[Start of Attachment]

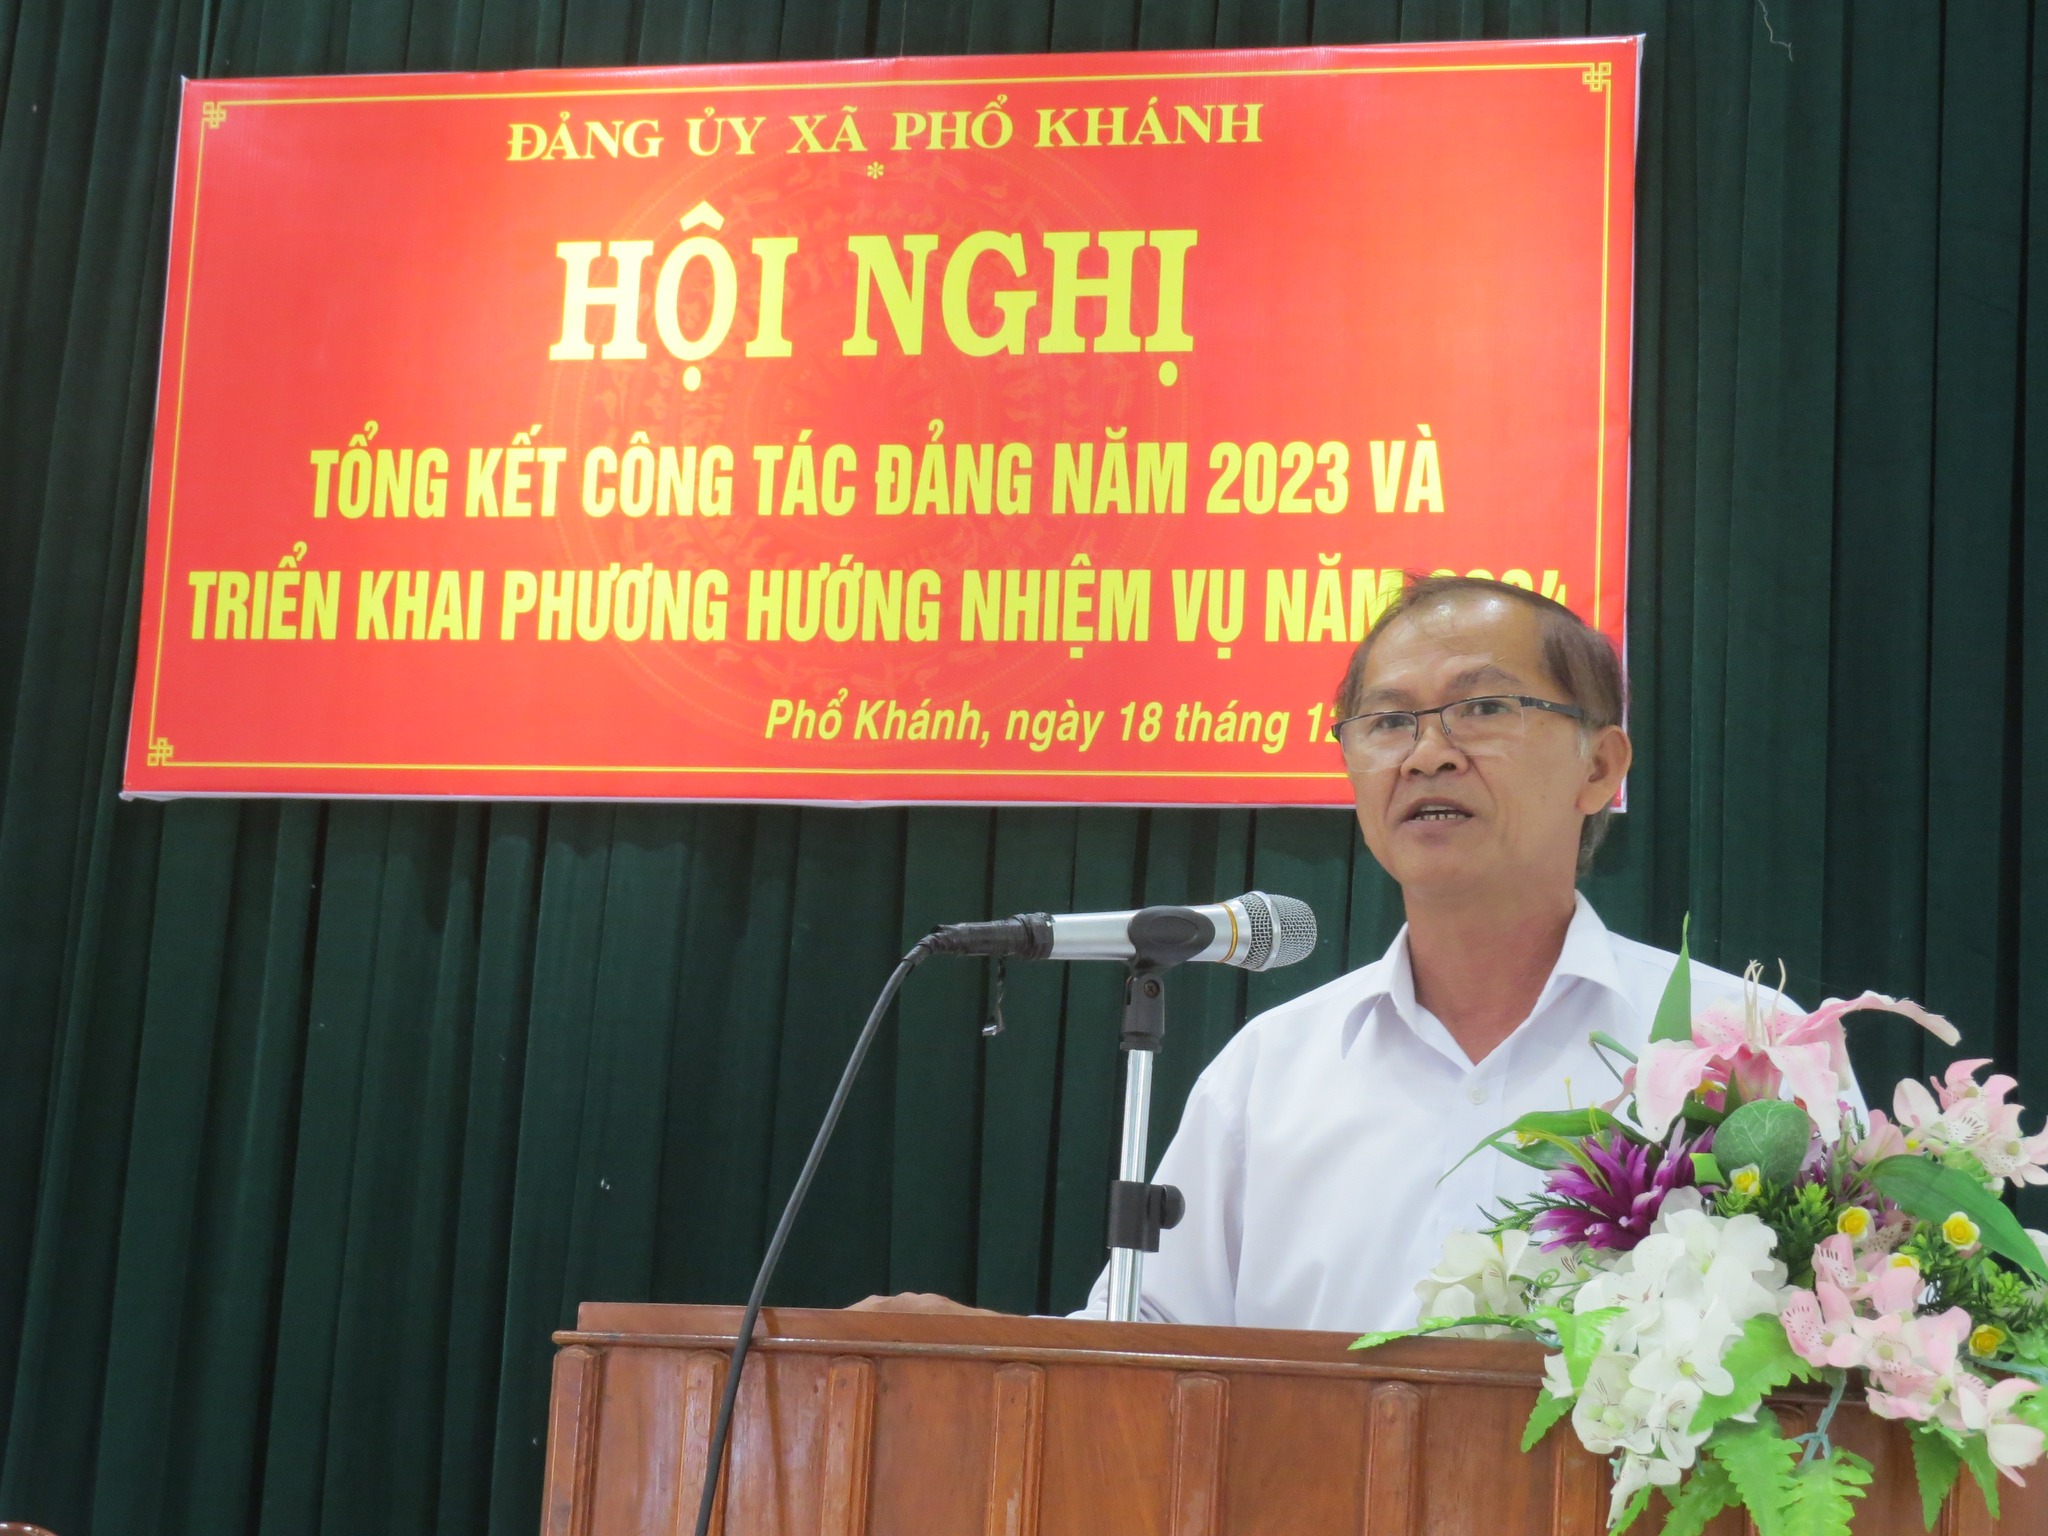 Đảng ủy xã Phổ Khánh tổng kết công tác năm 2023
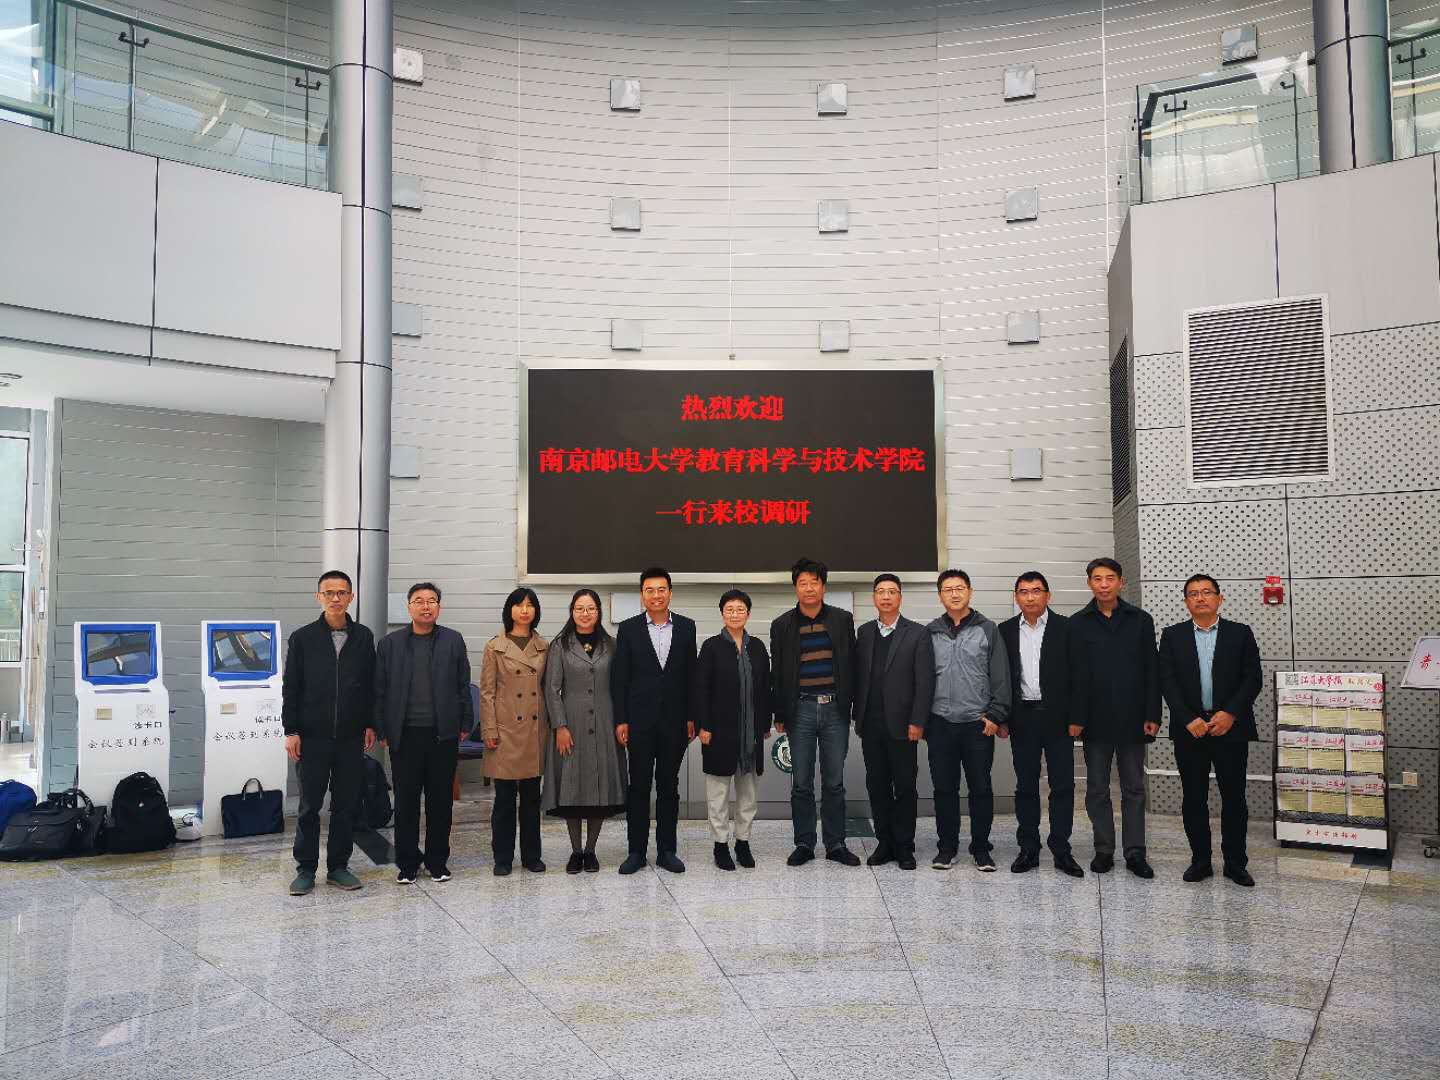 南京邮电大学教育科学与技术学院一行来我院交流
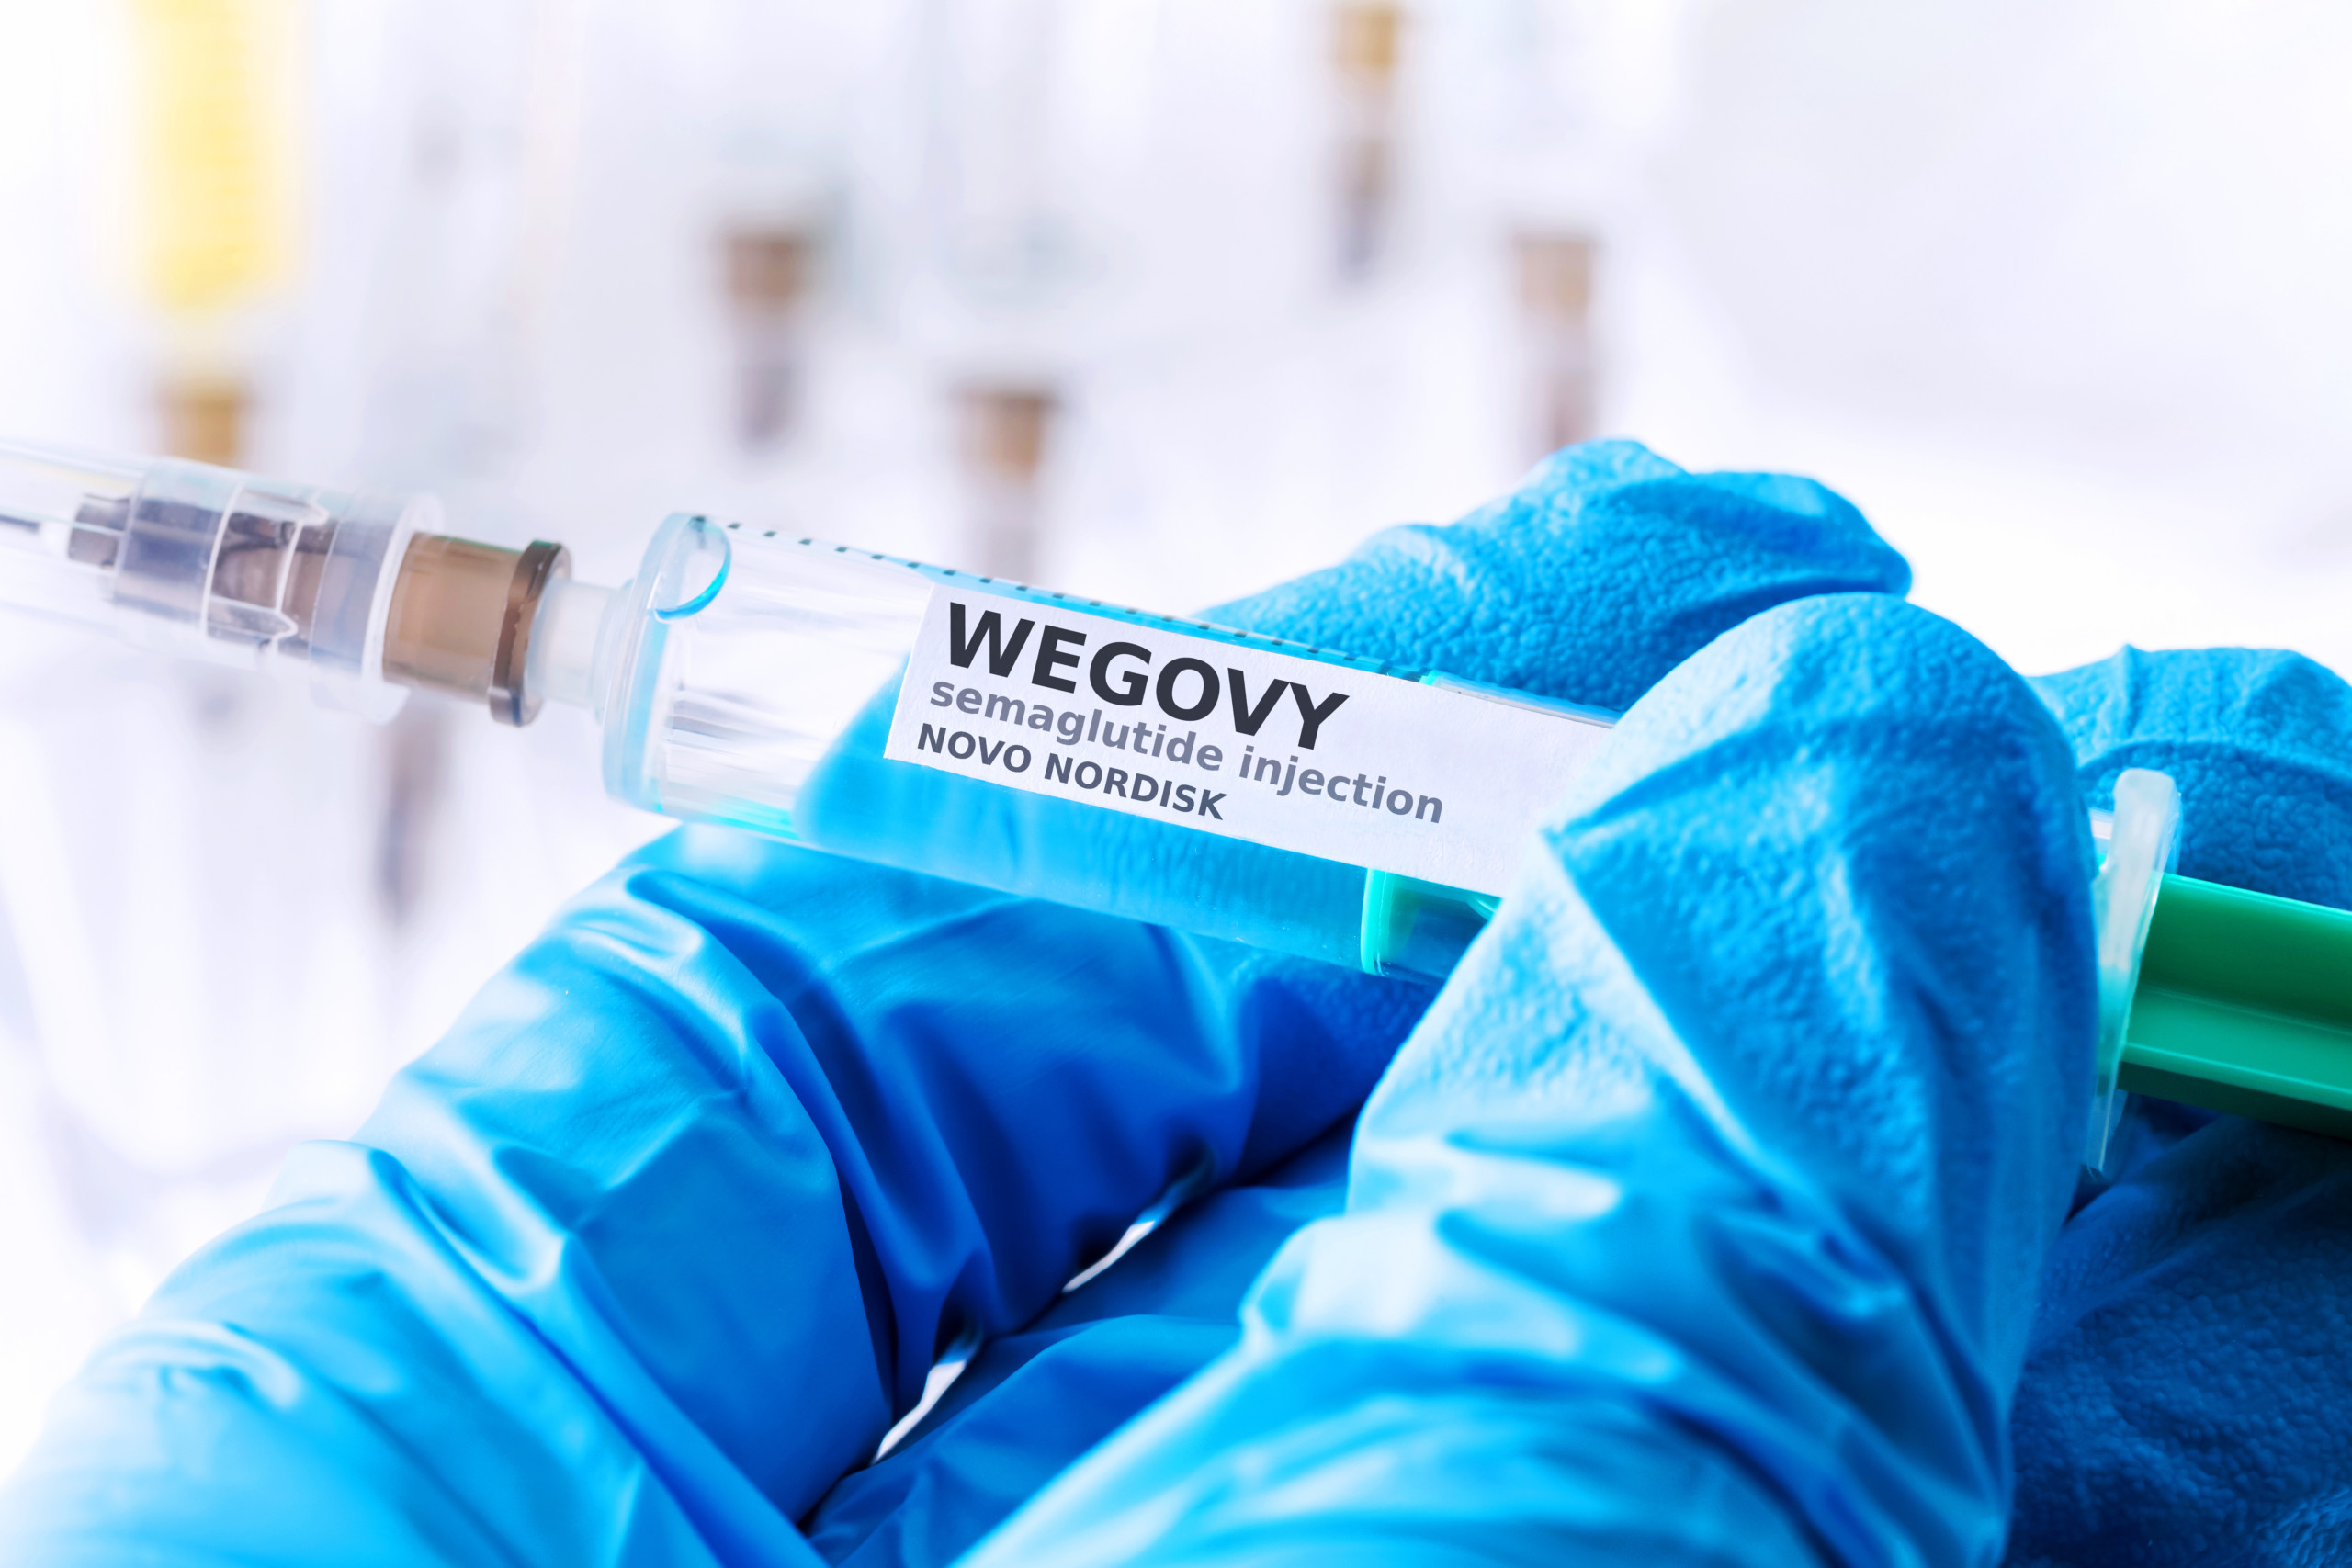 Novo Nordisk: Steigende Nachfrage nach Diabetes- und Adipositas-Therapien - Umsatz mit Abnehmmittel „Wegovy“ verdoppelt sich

[End of Attachment]

TASK DIRECTIONS »
Only the pictures are to be omitted; restate everything else above exactly.

RESULT OF THIS EXERCISE »
 Đảng ủy xã Phổ Khánh tổng kết công tác năm 2023
 南京邮电大学教育科学与技术学院一行来我院交流
 Novo Nordisk: Steigende Nachfrage nach Diabetes- und Adipositas-Therapien - Umsatz mit Abnehmmittel „Wegovy“ verdoppelt sich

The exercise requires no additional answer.